_Task details_
Wherever pictures appear in the listing below, leave them out, and copy exactly, and only, everything from the line with "An adorable Austra" down to the line with "North One Glass Jewelry ノースワン グラスジュエリー".

_Supplied records_
□ □ □

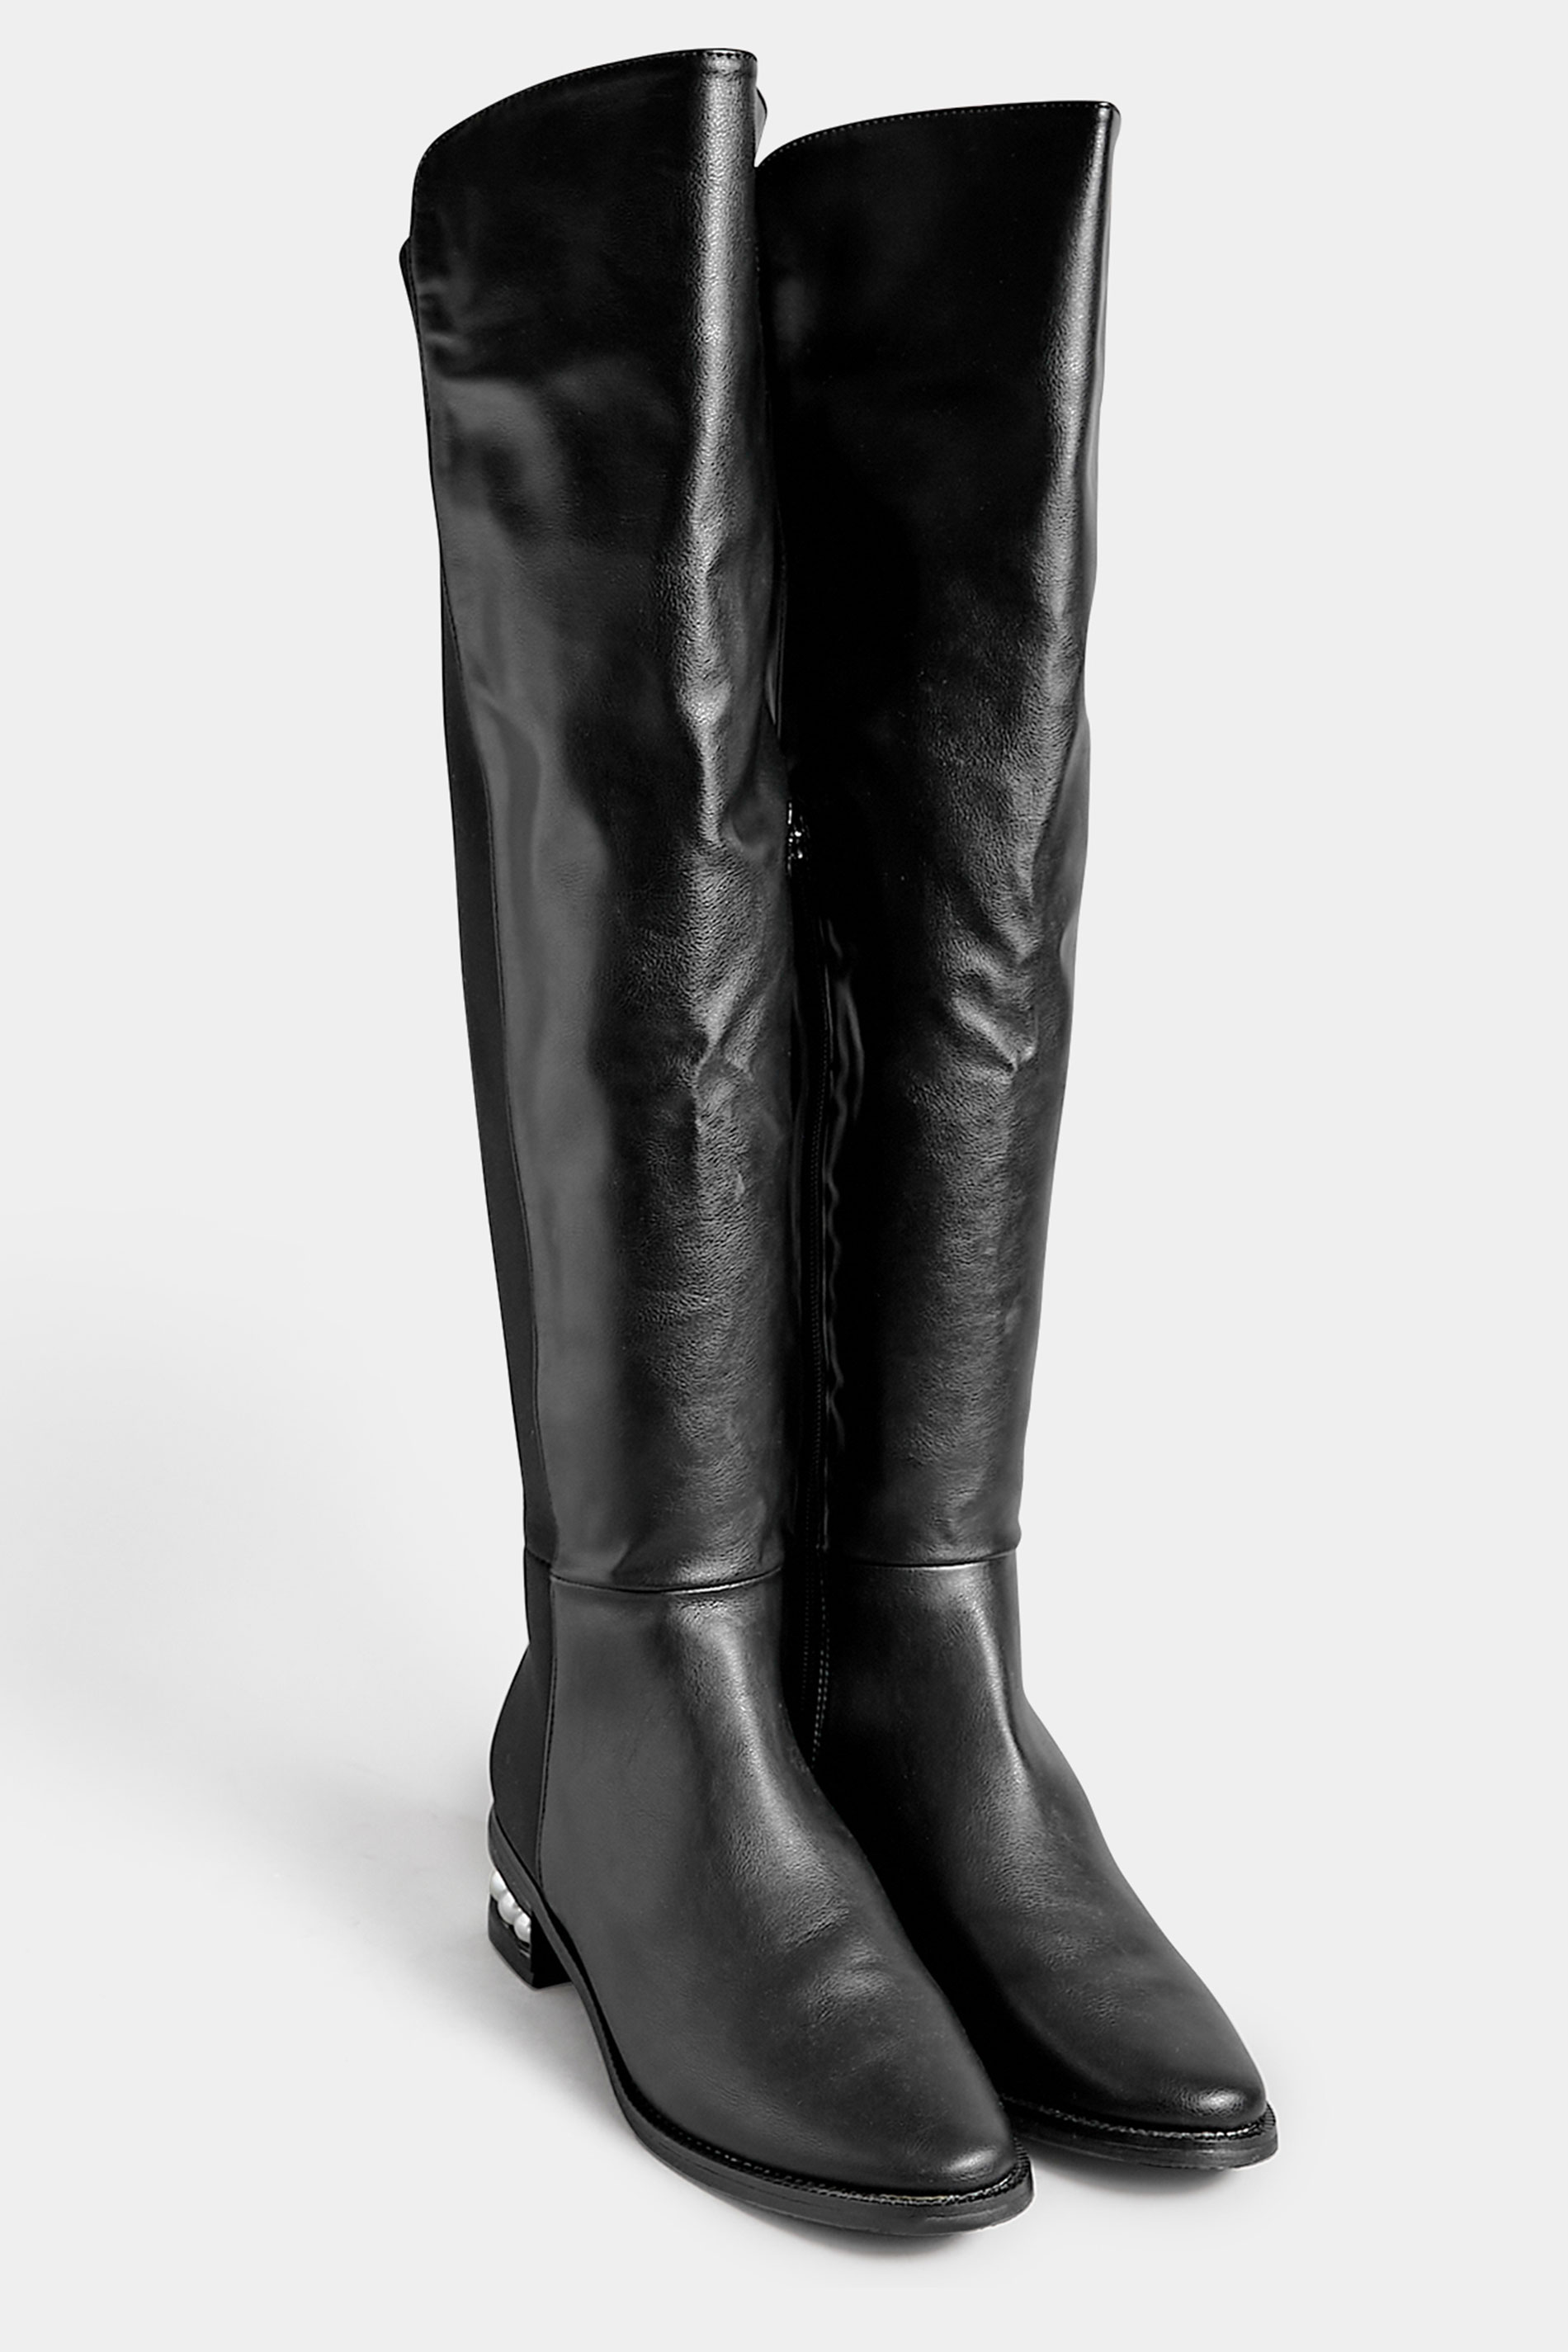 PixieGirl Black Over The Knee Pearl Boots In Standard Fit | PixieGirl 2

□ □ □

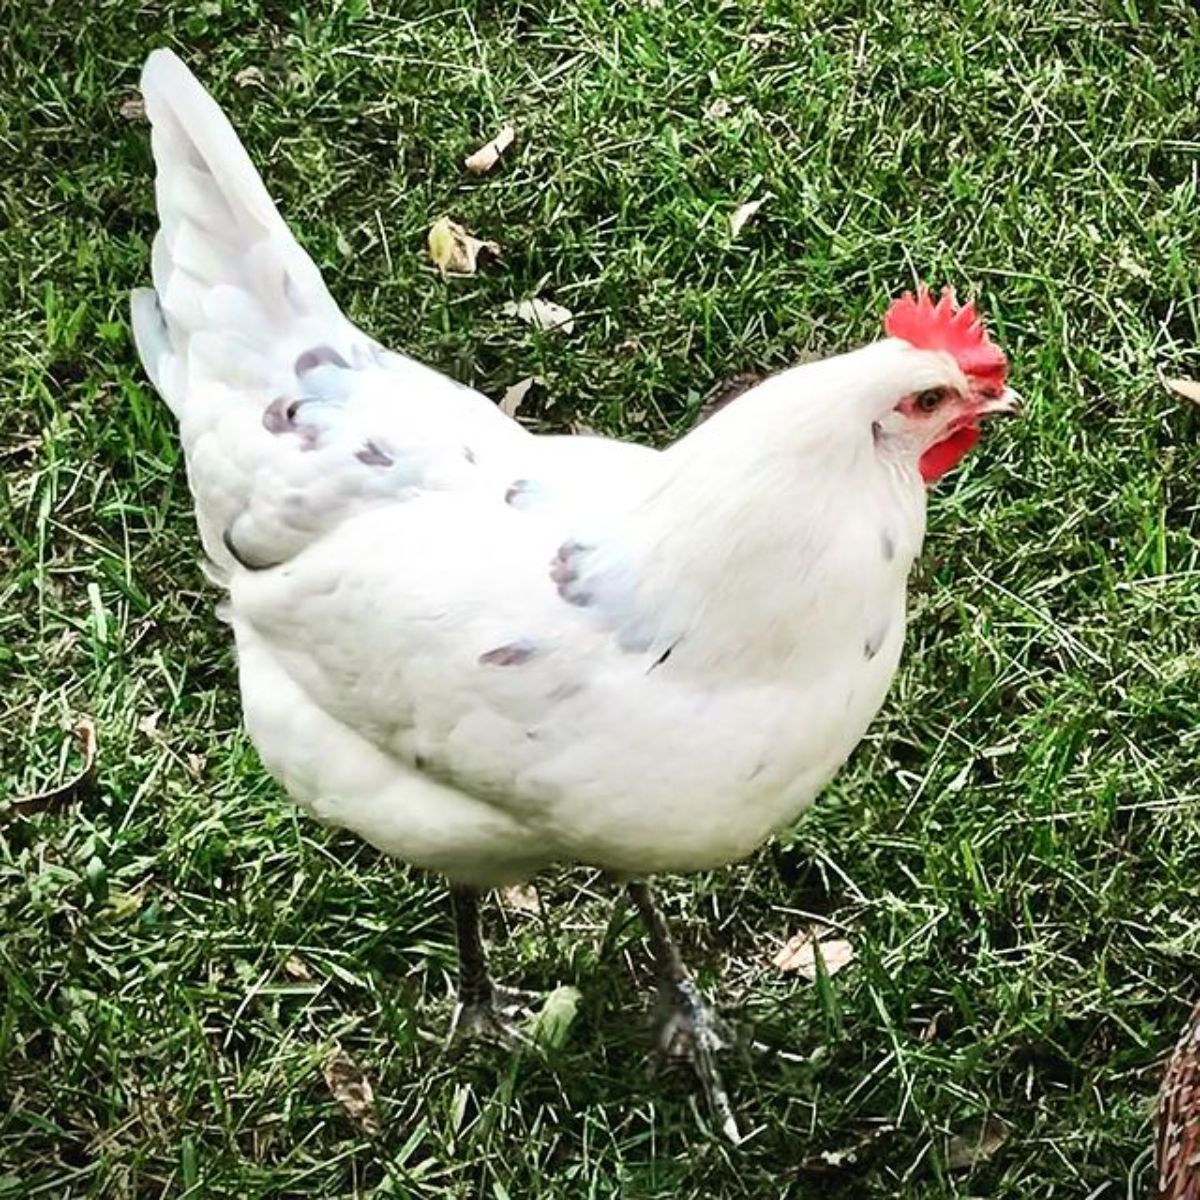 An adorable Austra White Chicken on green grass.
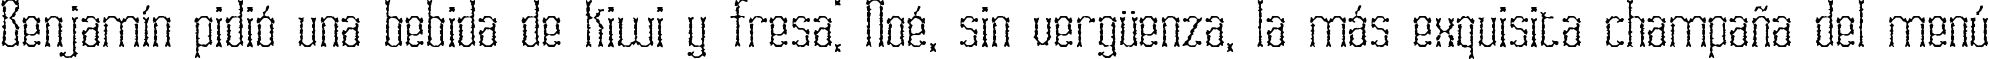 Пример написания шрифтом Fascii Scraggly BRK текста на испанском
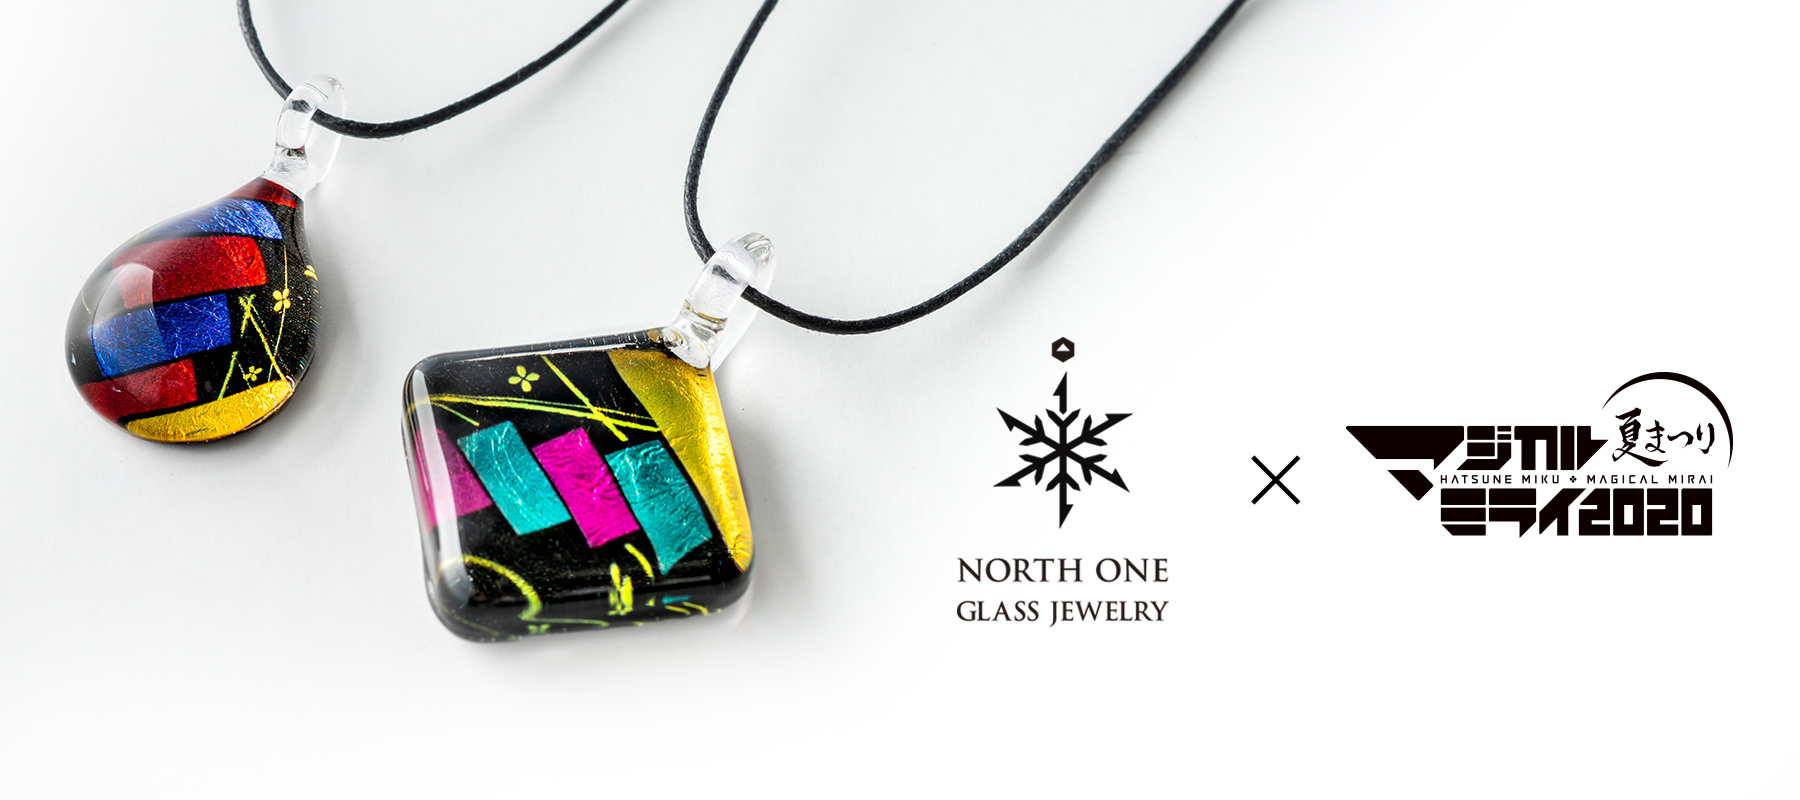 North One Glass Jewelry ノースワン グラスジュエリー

□ □ □

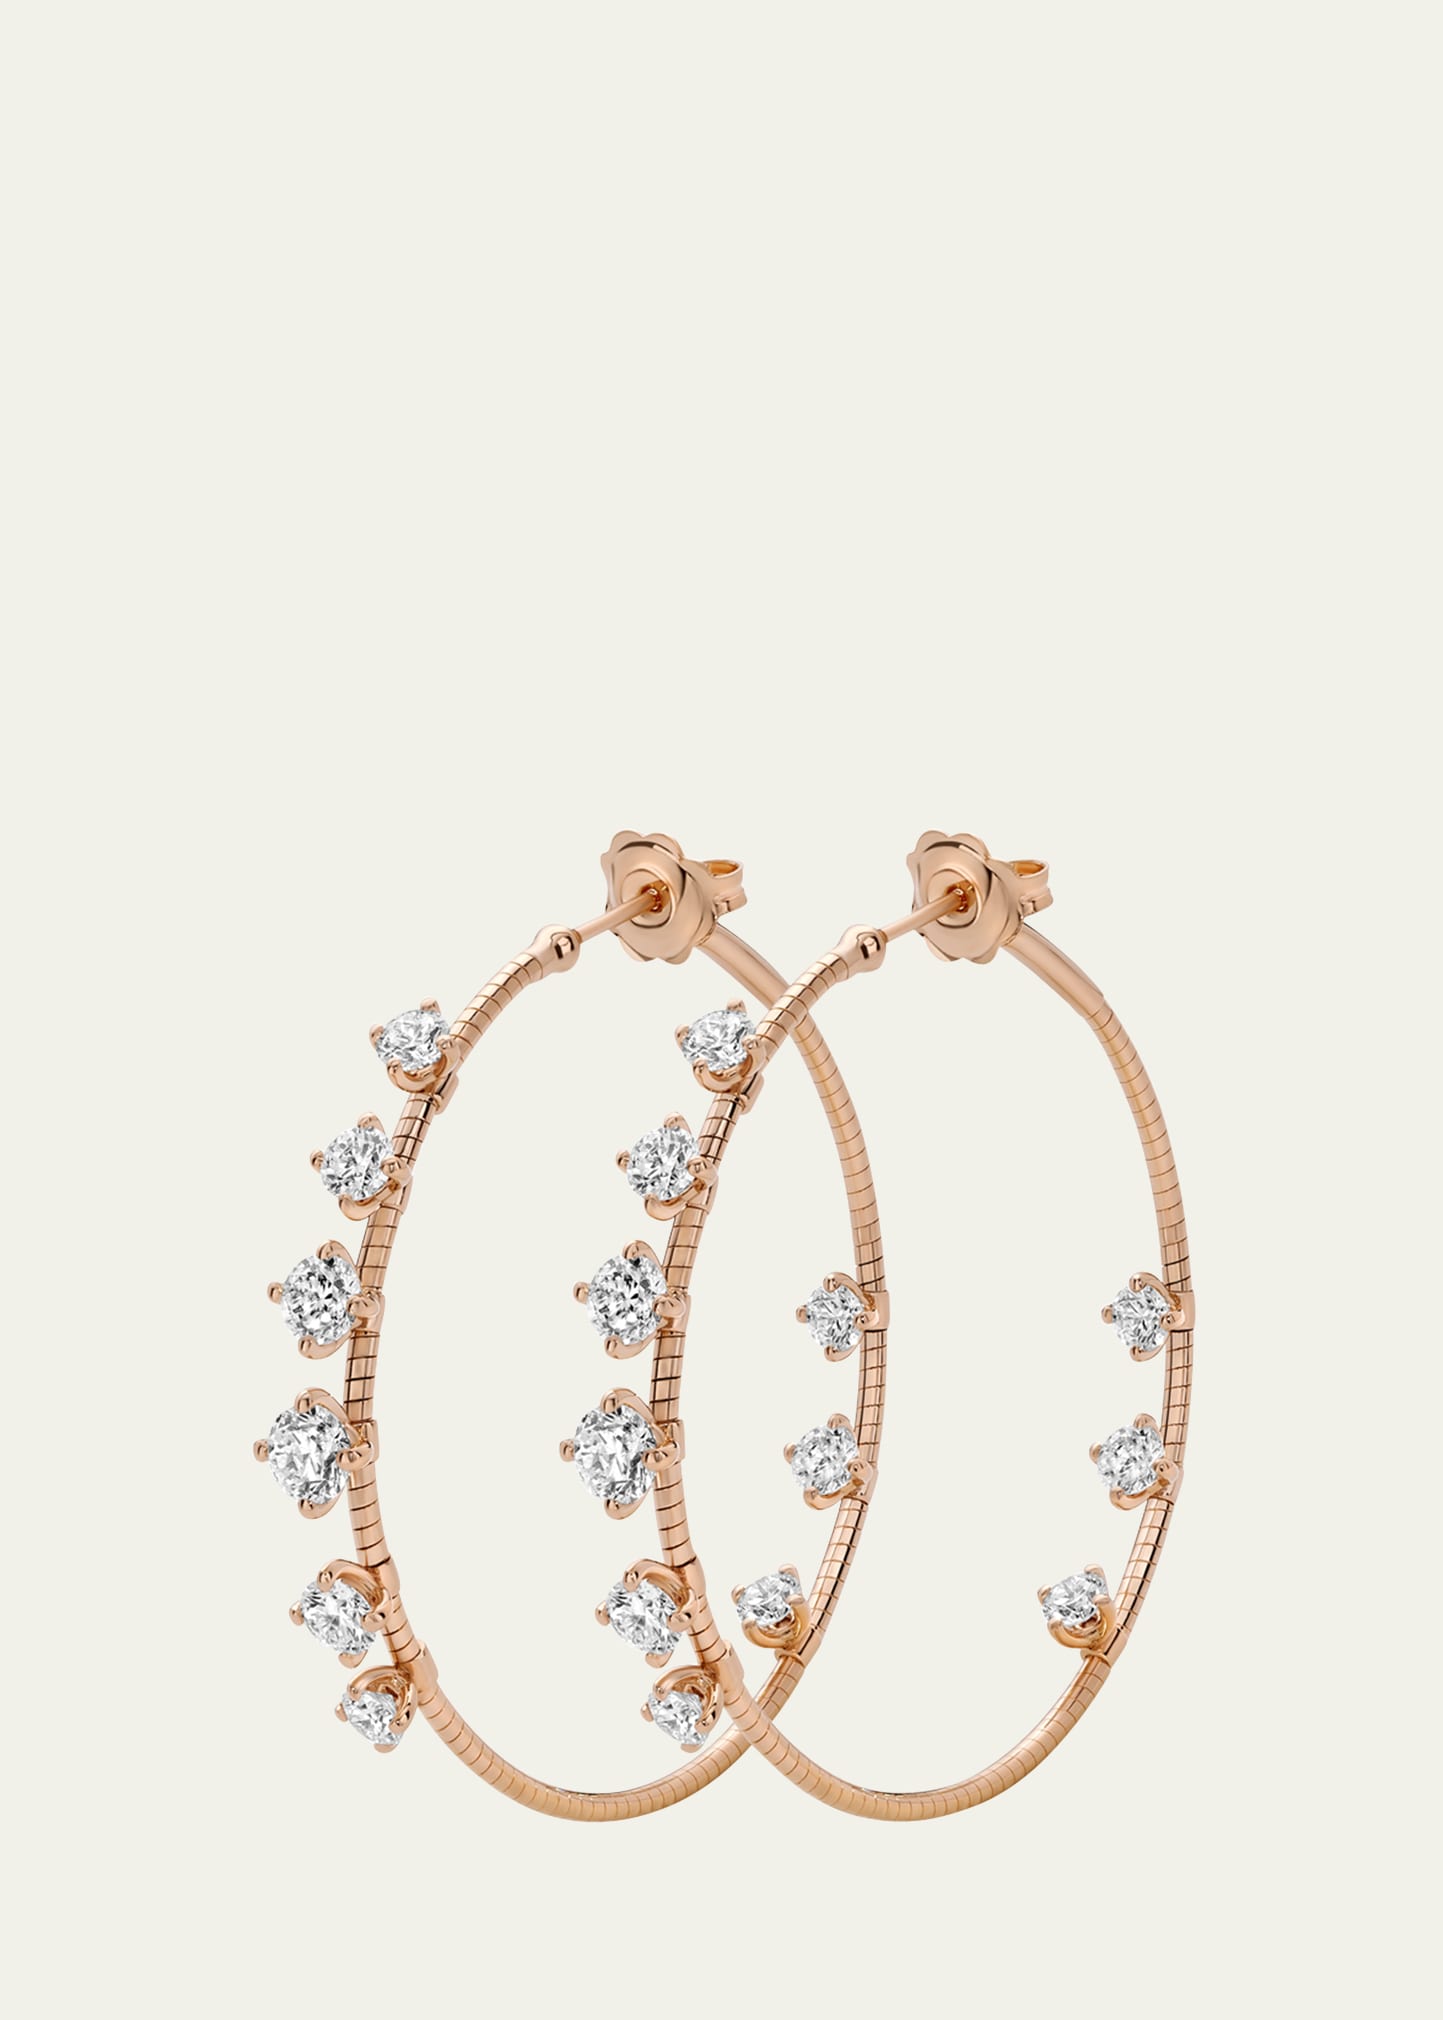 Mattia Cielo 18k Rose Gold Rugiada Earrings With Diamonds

□ □ □

_The completed task_
 An adorable Austra White Chicken on green grass.
 Пример написания шрифтом Fascii Scraggly BRK текста на испанском
 North One Glass Jewelry ノースワン グラスジュエリー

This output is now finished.